Thanks for reminder of how small changes can make difference.
Alan Gladman, CSM,CSPO, 2/23/2010 10:01:43 AM
I remember similar problems with my scrum and over the 2 years my team has been together we've made countless changes to it. The first change was to the format of the usual questions (what I did yesterday etc). We had a team that was on the upper boundaries of normal size, so listening to everyone turned it into a nightmare of time management. So we drove the meeting from the backlog which meant that we always talked about the most important story or bug at any time.

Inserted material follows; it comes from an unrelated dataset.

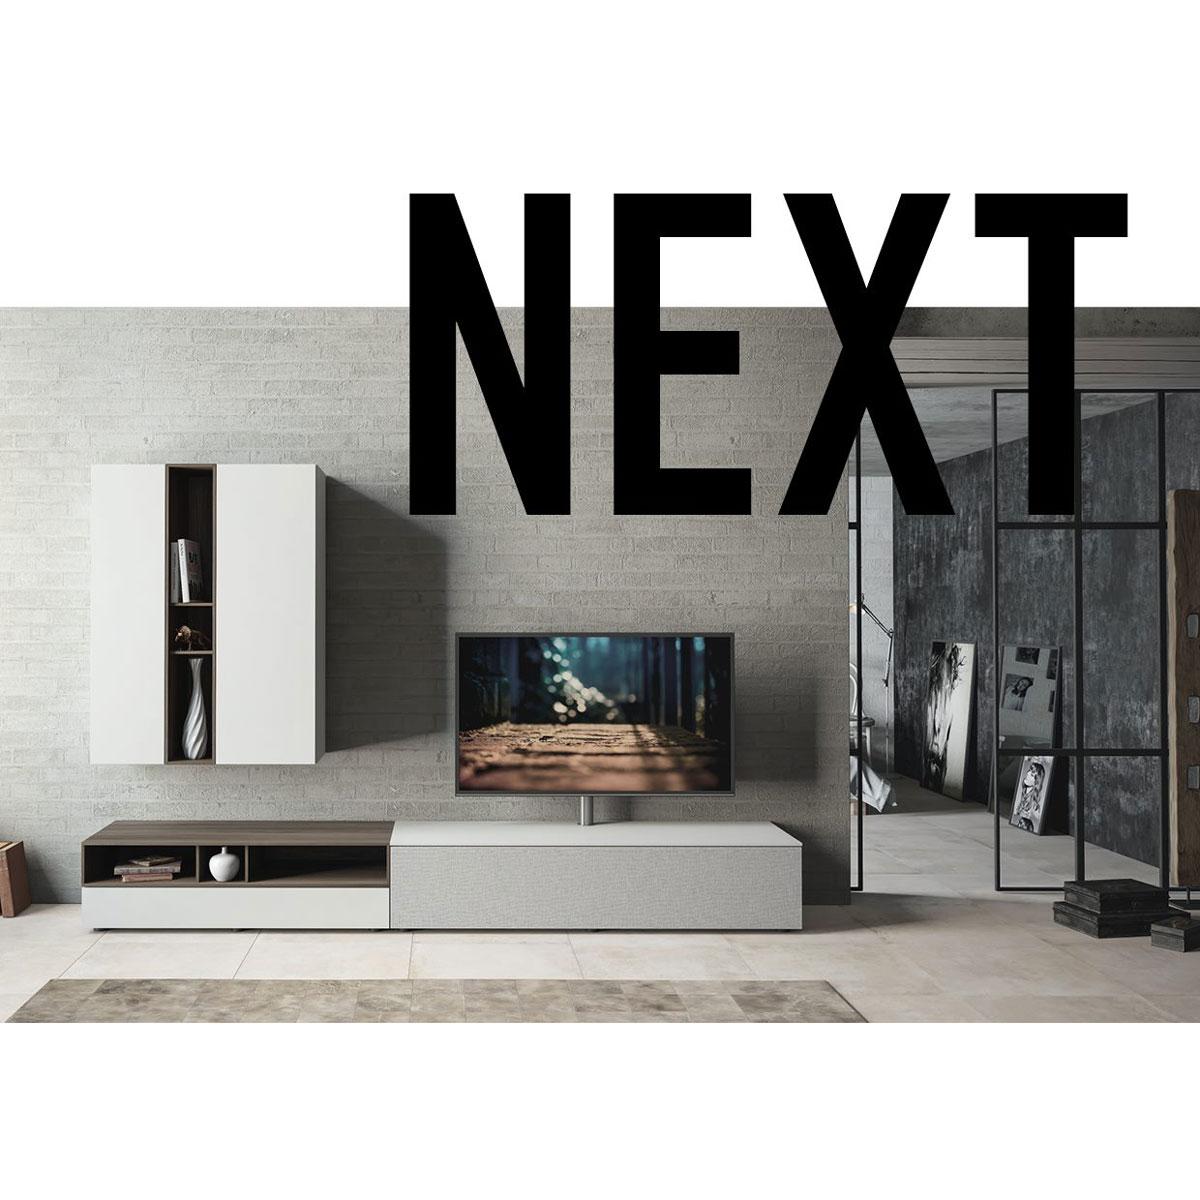 Lowboard hifi möbel  TV-Möbel, Fernsehmöbel, Möbel für LCD TV, Plasma Möbel bei hifi-tv ...

Then the owner of that backlog item would say what's been done on it and what's left to do and what issues are holding up the team on it.

Then we had a productivity question as our scrum was at 4:30pm. Not quite finishing time but too late in the day to have any major pair prgramming sessions immediately after the scrum. So we pushed it right to the end of the day such that focus was omaintained right up until the scrum mtg. This also encouraged team members to really get some accomplishments to report in scrum.

Today pretty much every team member finds the scrum valuable. Very often we finish inside 15 minutes. Sometimes inside 10. To have this meeting every day for over 2 years forces it to become valuable.
Aaron Conoly, CSM, 2/24/2010 3:00:55 PM
Filip- thanks :) I like to the think the approach is similar to Scrum's focus on producing increments of shippable product. It may not be finished, but at least each piece is refined, to the customer's specifications.

Alan-I like the idea of refining the questions so they continue to add value. I especially like the idea of having it at the end of the day. It would certainly add some punch to the "what am i working on today?" question, as the subject would be very fresh on their minds. We may try this at the office!
Henri Stegehuis, CSP,CSM, 3/12/2010 4:07:02 AM
Step-by-step approach, the same I always promote. Plan-do-check-act, always one item to improve then the next (

The first sprints I also make a lot of one-on-one chats. Private stuff and work. I know the problems they are facing and therefore I know if a Daily was successful or not. I won't say anything in the Daily if something is not said but I will confront the owner AND I enforce depending team members to start uttering their concerns in the meeting. The first weeks and months is a lot of coaching but eventually we will get there. There some team coaching techniques that might be really useful to speed this process up.
DAVID CALLOWAY, CSM, 6/10/2010 12:29:41 PM
Great story, Aaron. Two encouraging points:
1. You're at a Marketing firm, so Scrum is clearly reaching beyond IT. 2. You're a tech writer, as am I. I plan to begin applying my Scrum Master training as soon as possible.